Le « nœud rythmique » – Mallarmé dit : « Toute âme est un nœud
rythmique » – est ce qui tient ensemble cette invention de vivre et cette
invention de la tradition qui fait du rythme une expérimentation, une
physique du sens : « Jouvet retrouvant l’asthme de Molière dans la ponctuation de l’École des femmes » (27 juin 1971), dans l’Essai de solitude. Il sait que « le corps et la voix ne font qu’un » (Journal de
Chaillot, n°3, avril 1974, en préface à un poème).

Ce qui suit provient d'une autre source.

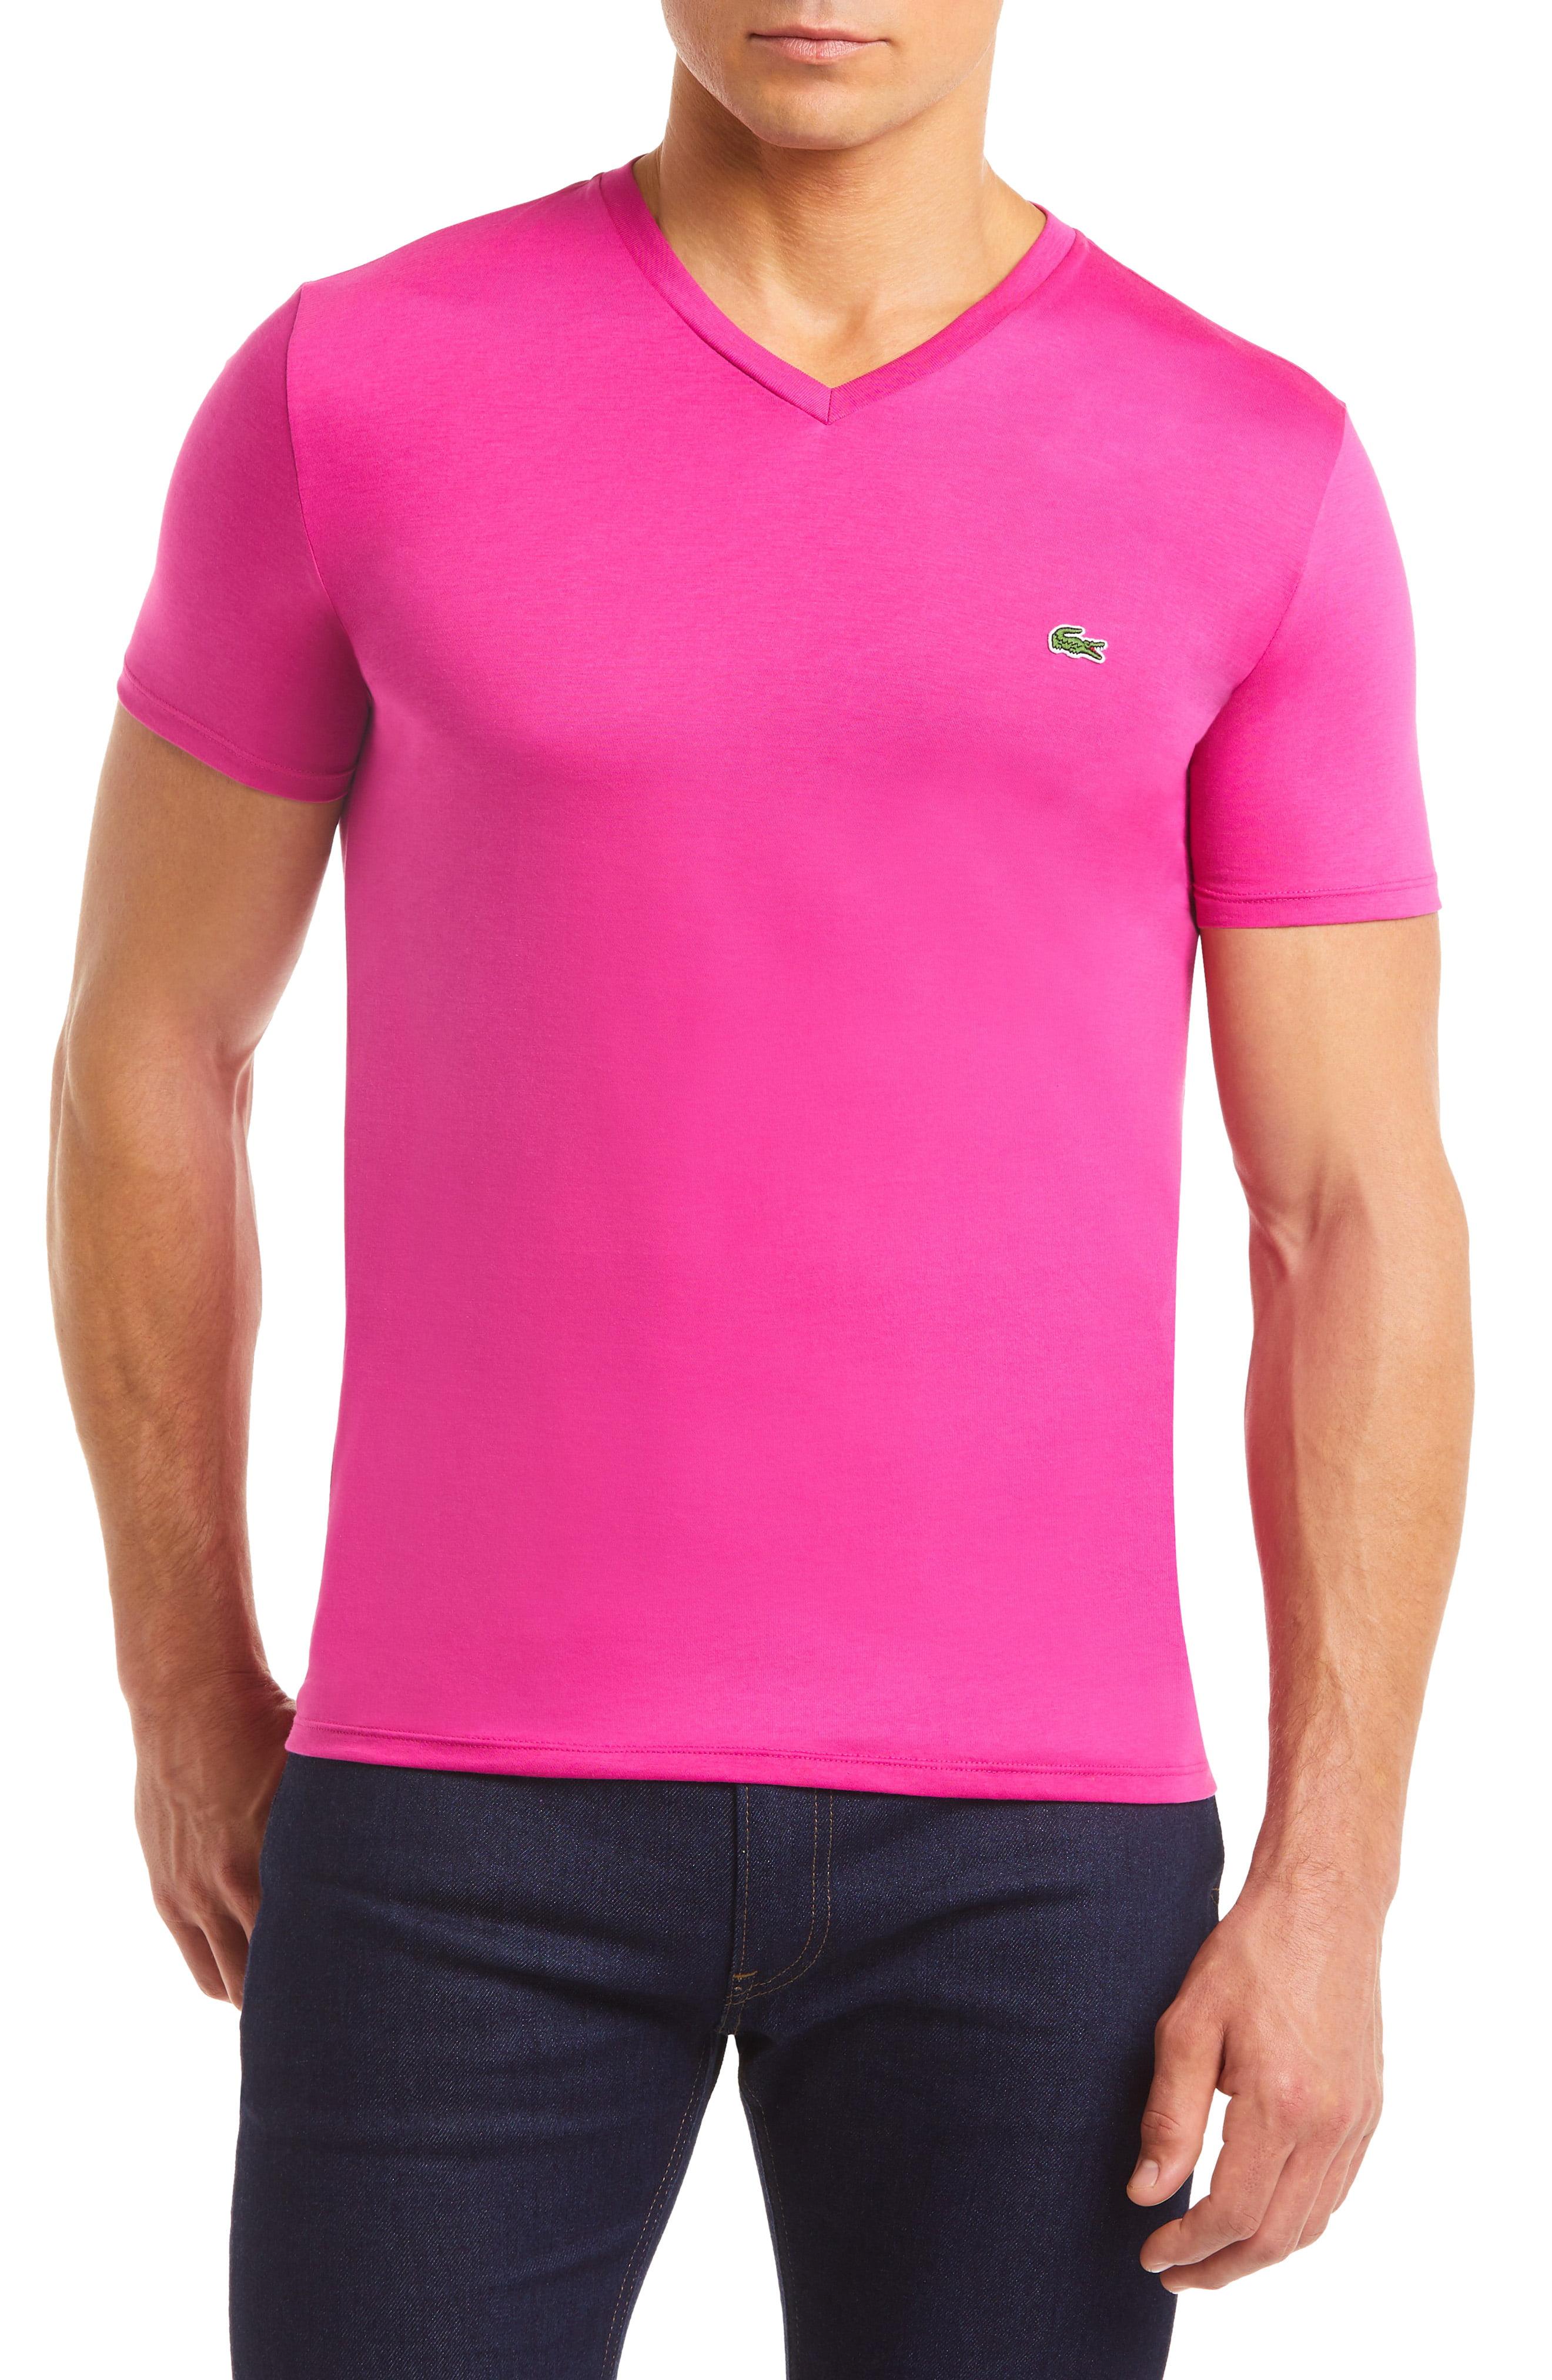 Lacoste Cotton Regular Fit V-neck T-shirt in Pink for Men - Lyst

Comme si le théâtre était une parabole de l’écriture du poème, la
recherche à travers les autres de l’intime extérieur, la recherche de ce qu’on
ne sait pas de soi dans la Chronique du Grand Extérieur, vers « notre
pouvoir de divination commune » (11 août 1977).

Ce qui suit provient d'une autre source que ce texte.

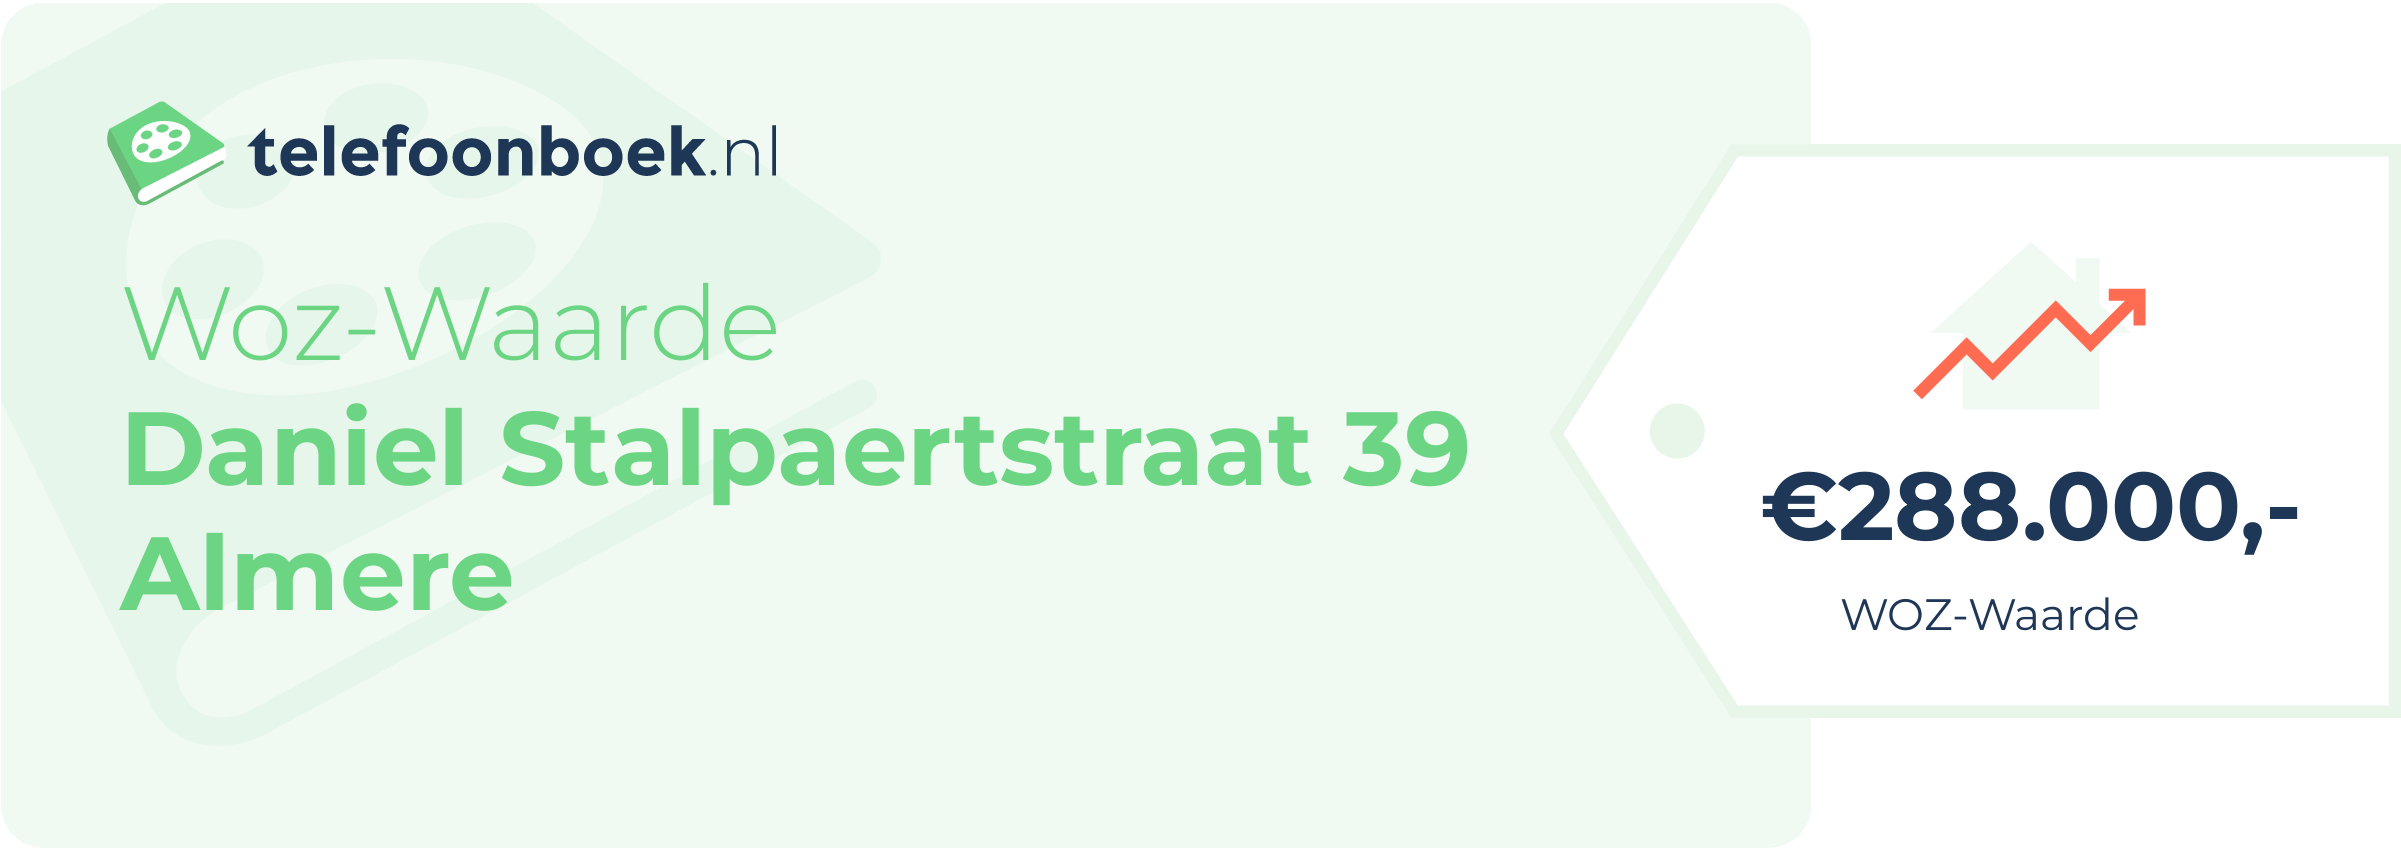 WOZ-waarde Daniel Stalpaertstraat 39 Almere

Et c’est le retour fréquent de ce motif, qui est aussi incompréhensible
que la mort elle-même : « Et pendant toutes ces années ce qui le tient en
vie c’est la certitude rassurante de sa mort » (4-5 décembre 1977), avec
son inversion : « Mort – mais la trace du raisonnement subsiste » (30 août
1978). Le temps comme répétition, comme passé du présent, dans l’Inutilité de la confession (« j’avais alors près de cinquante ans »).
Et de même qu’il tourne et retourne la mort, il tourne tourne
l’amour : « Il m’est arrivé une femme / dont le nom est un secret »

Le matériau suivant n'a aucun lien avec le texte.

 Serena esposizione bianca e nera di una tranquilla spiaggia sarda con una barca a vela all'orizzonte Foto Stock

(6 novembre 1965). Mais ce qui le rattrape le plus est la solitude : « la
machine de solitude » (30 août 1978). Machine infernale dont il est le
bourreau et la victime. A la fois une misère physique et une communion :
« Je suis les autres. » (7 septembre 1968.) Sans jamais se perdre comme
centre. Ce que dit une lettre (du 26 décembre 1978) : « J’ai toujours voulu
être seul témoin de moi-même, seul au centre de moi-même, si je puis
dire. » Dans le passage sans arrêt entre le moment poème et le journal de
bord. Écrire, en contrepoint de l’éphémère du théâtre, l’anti-théâtre du
poème (anti-théâtre, parce que le corps est dans le poème, pas le poème
dans les corps), mais lui aussi est une phrase inachevée.